После обеда Шерлок Холмс отправился в комнату миссис Парсонс со своей лупой. Примерно час спустя он присоединился к нам с Майкрофтом в библиотеке, чтобы обсудить то, что ему удалось выяснить.
— В комнате ничего не заметно — разве то, что она обитаема. Думаю, вор просто улучил удобную минуту и вошел. Поскольку комната первая по счету от лестничной площадки, мы все проходим мимо нее, направляясь к себе в спальню. Уверен, вы заметили, что дверь этой комнаты часто остается открытой. Туалетный столик — у дальней стены. Преступник мог в три шага туда дойти, похитить рубины и сбежать, и на все это не ушло бы много времени.
Наведя справки, я выяснил, что спальни слуг находятся в задней части дома и к ним ведет отдельная лестница. Никто из них, кроме Брук, обычно не поднимается по главной лестнице. Исключение составляет мисс Бэк, комната которой расположена рядом с детской.
Майкрофт хмыкнул:
— Значит, возможность имели Брук, мисс Бэк, Родерик Кили, мы с вами — и, конечно, мистер и миссис Парсонс.
— Вряд ли они бы стали красть у самих себя! — рассмеялся я.
Шерлок вопросительно приподнял бровь, а Майкрофт насмешливо фыркнул.
— Напротив, мой дорогой Уотсон, — возразил мой друг, — миссис Парсонс — главная подозреваемая. Ведь она, добрая душа, хотела бы помочь тем, кто, как ей известно, страдает не по своей вине. Но ее муж помимо прочих своих добродетелей обладает типично йоркширской бережливостью и скептицизмом. Поэтому он ей ничего не даст. Разве не может быть, что она спрятала рубины и при первой же возможности их продаст, чтобы употребить деньги на дело, которое считает достойным?
— Ну что же, это возможно. Но вы же сами видели, какой расстроенной она была за обедом всего два часа назад!
— Мой галантный Уотсон! Ничто так не пробуждает в вас благородного рыцаря, как женские слезы! Хорошо, отставим пока миссис Парсонс и рассмотрим другие кандидатуры.
— Это, конечно, Родерик Кили.
— Бесспорно, он под подозрением. Родерик — младший из трех сыновей полковника Кили, и поэтому у него мало перспектив. Он вполне мог себя убедить, что долг сестры — помочь ему, когда он испытывает нужду в наличных, а если он сам о себе позаботится, то избавит ее от тягостного объяснения с мужем.
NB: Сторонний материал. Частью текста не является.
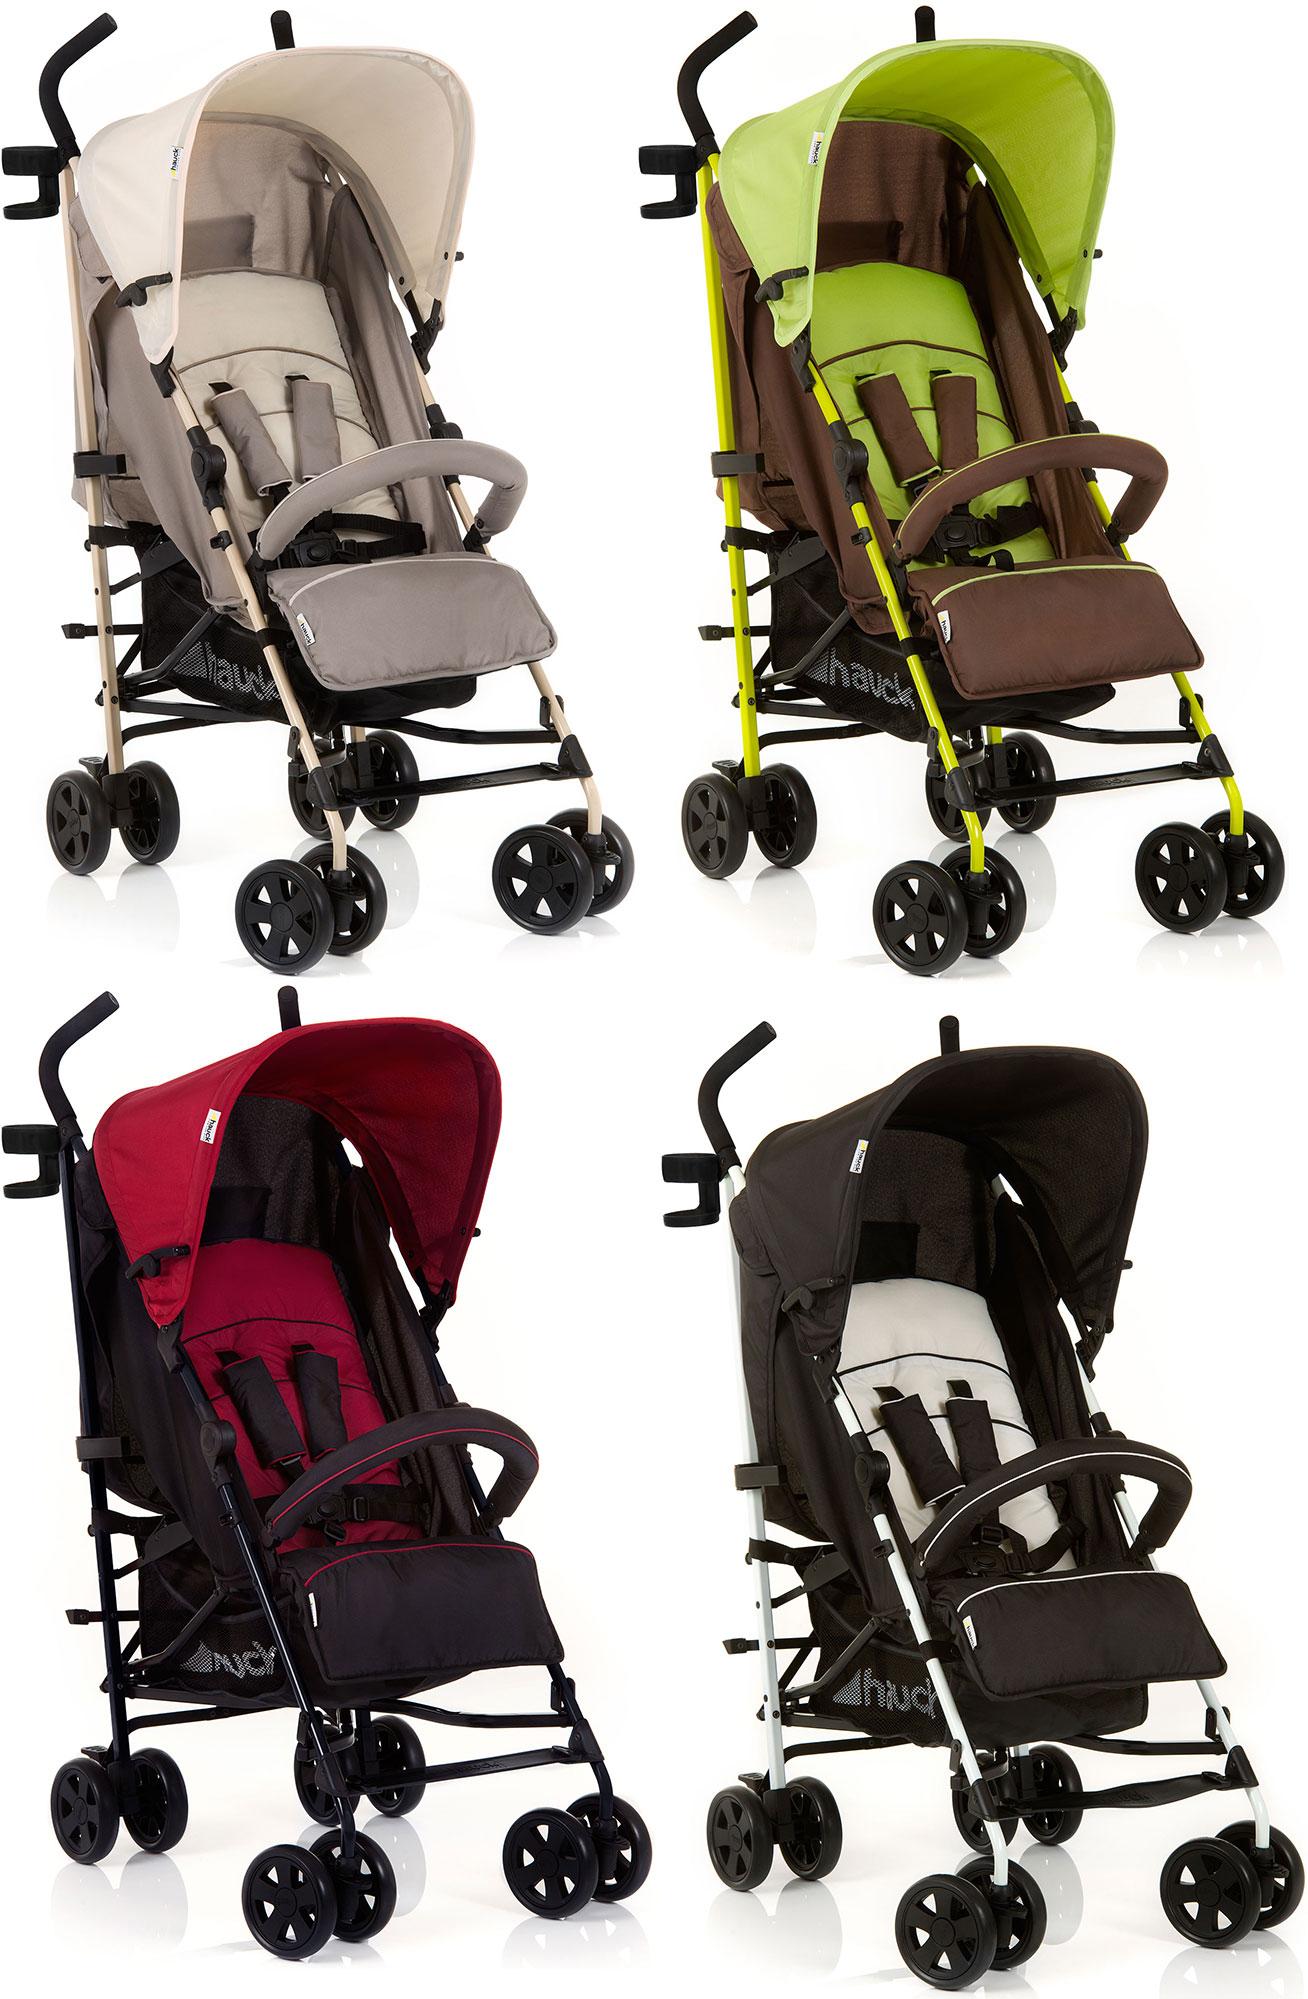 hauck speed plus buggy pushchair stroller cup holder baby. Black Bedroom Furniture Sets. Home Design Ideas

— Конечно, он виновен, — сказал я. — Брук много лет служит горничной у миссис Парсонс, а у мисс Бэк, разумеется, нет преступных наклонностей.
Холмс улыбнулся:
— Брук я могу пропустить, чего нельзя сказать о мисс Бэк. Она определенно не из простой семьи: это видно по ее речи и манерам. И тем не менее она занимает скромную, хотя и почтенную должность няни. Мы можем сделать вывод, что либо она рассорилась со своей семьей, либо у ее родных наступили тяжелые времена и она вынуждена браться за ту работу, которая подвернулась. Возможно, молодая женщина затаила обиду и, считая несправедливым, что ее хозяйке дано так много, а ей — так мало, решила восстановить справедливость.
— Я не могу в это поверить! Холмс пожал плечами:
— Такая возможность существует — но на этом я пока остановлюсь. Можно построить множество гипотез, но без фактов неясно, которая из них верна.
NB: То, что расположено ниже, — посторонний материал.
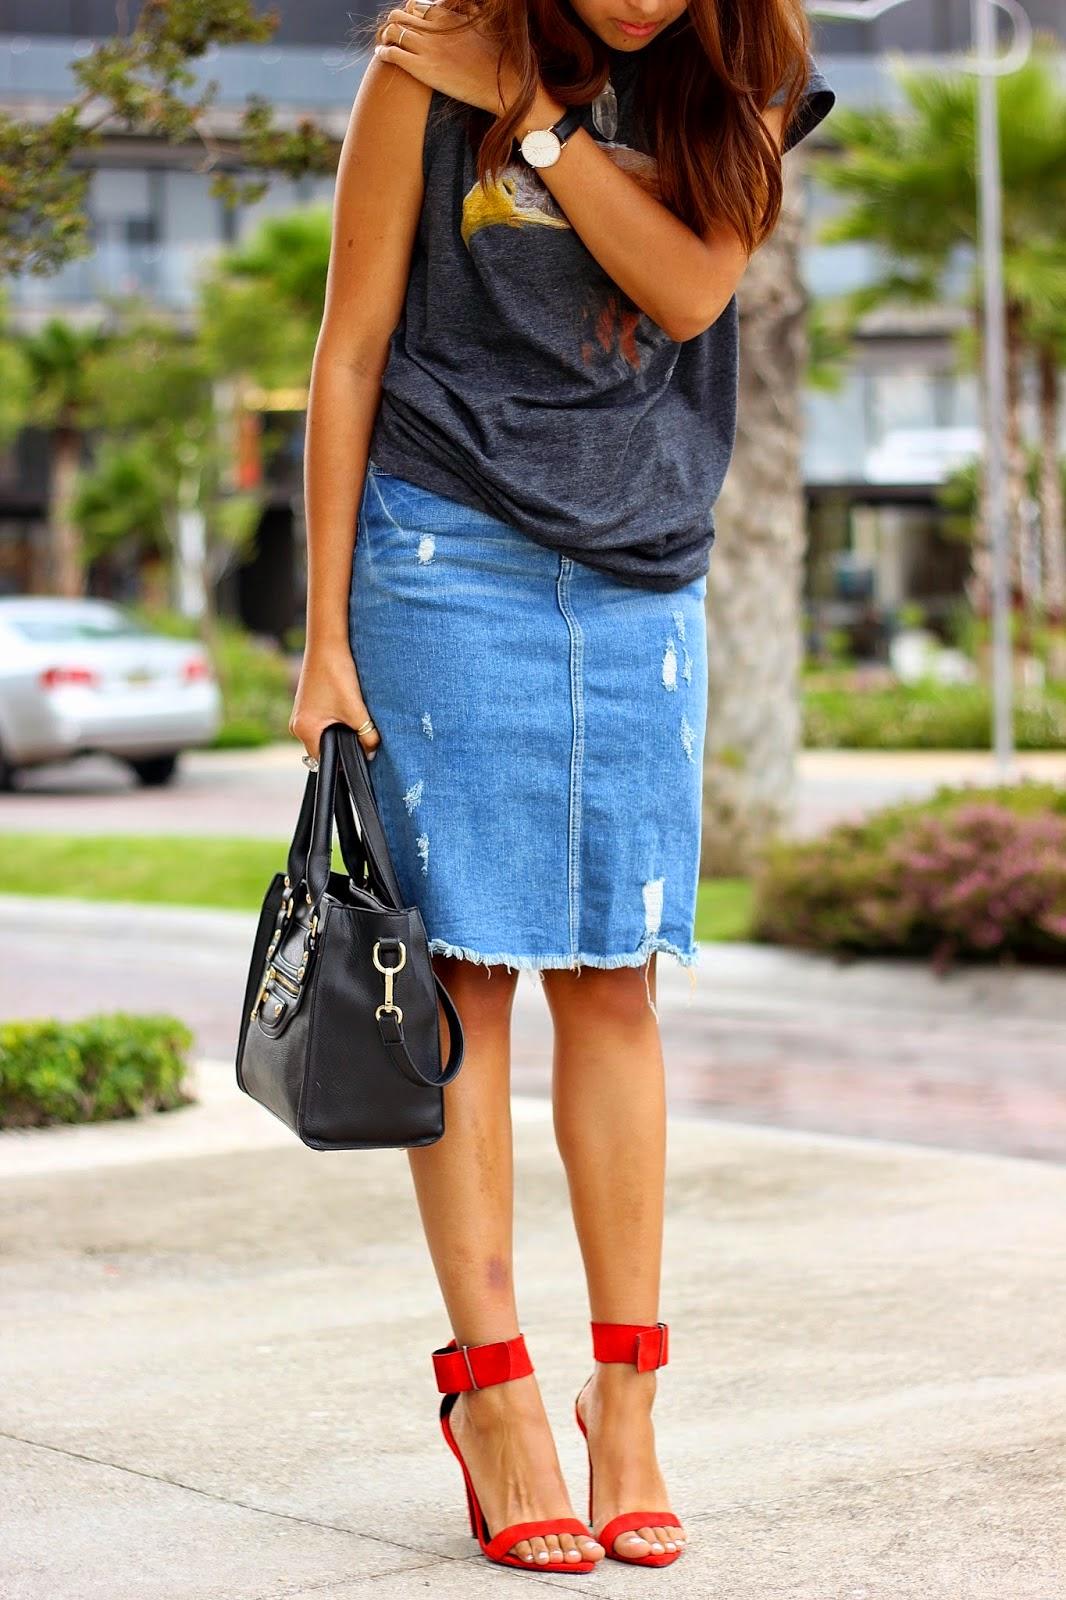 trend alert the distressed denim pencil skirt miss

— Вот в чем загвоздка, — хмыкнул Майкрофт. — Факты. Мы знаем только, что рубины были похищены. А теперь нам нужно понаблюдать за остальными. Нельзя допустить, чтобы они покидали дом. На этих чертовых вересковых пустошах существует тысяча мест, где можно спрятать ожерелье, а потом забрать его спустя несколько месяцев, когда уляжется шум.
— Но мы вряд ли сможем удерживать обитателей дома взаперти против их воли, — возразил я.
— Всего несколько дней, — сказал Майкрофт, — а за это время мы с моим младшим братом, вне всякого сомнения, разгадаем загадку.
— Возможно, удержать их в доме будет не так уж трудно. Теперь, когда снаружи снега навалило по колено, а в сугробы можно провалиться с головой, понадобится весьма веский предлог для прогулки.
На следующий день оказалось, что я заблуждался. Через час после завтрака я заметил, как Родерик, одетый в теплую куртку, с ружьем и ягдташем в руках, направляется к дверям.
— Привет! — поспешно обратился я к нему. — Куда это вы?
— А как вы думаете? — ответил он неприветливо. Правда, и мой тон был ненамеренно резким. — Я собираюсь немного поохотиться. Вернусь перед чаем.
— О, мне бы хотелось пойти с вами, — незамедлительно заявил я.
— Как-нибудь в другой раз.
К счастью, в эту минуту очень вовремя появился Джон Парсонс, который принял мою сторону.
— Как же так, Родерик? — вмешался он. — Ведь ты обещал позавчера взять доктора Уотсона с собой на охоту и показать места. Пожалуйста, подожди всего несколько минут, пока мы его экипируем.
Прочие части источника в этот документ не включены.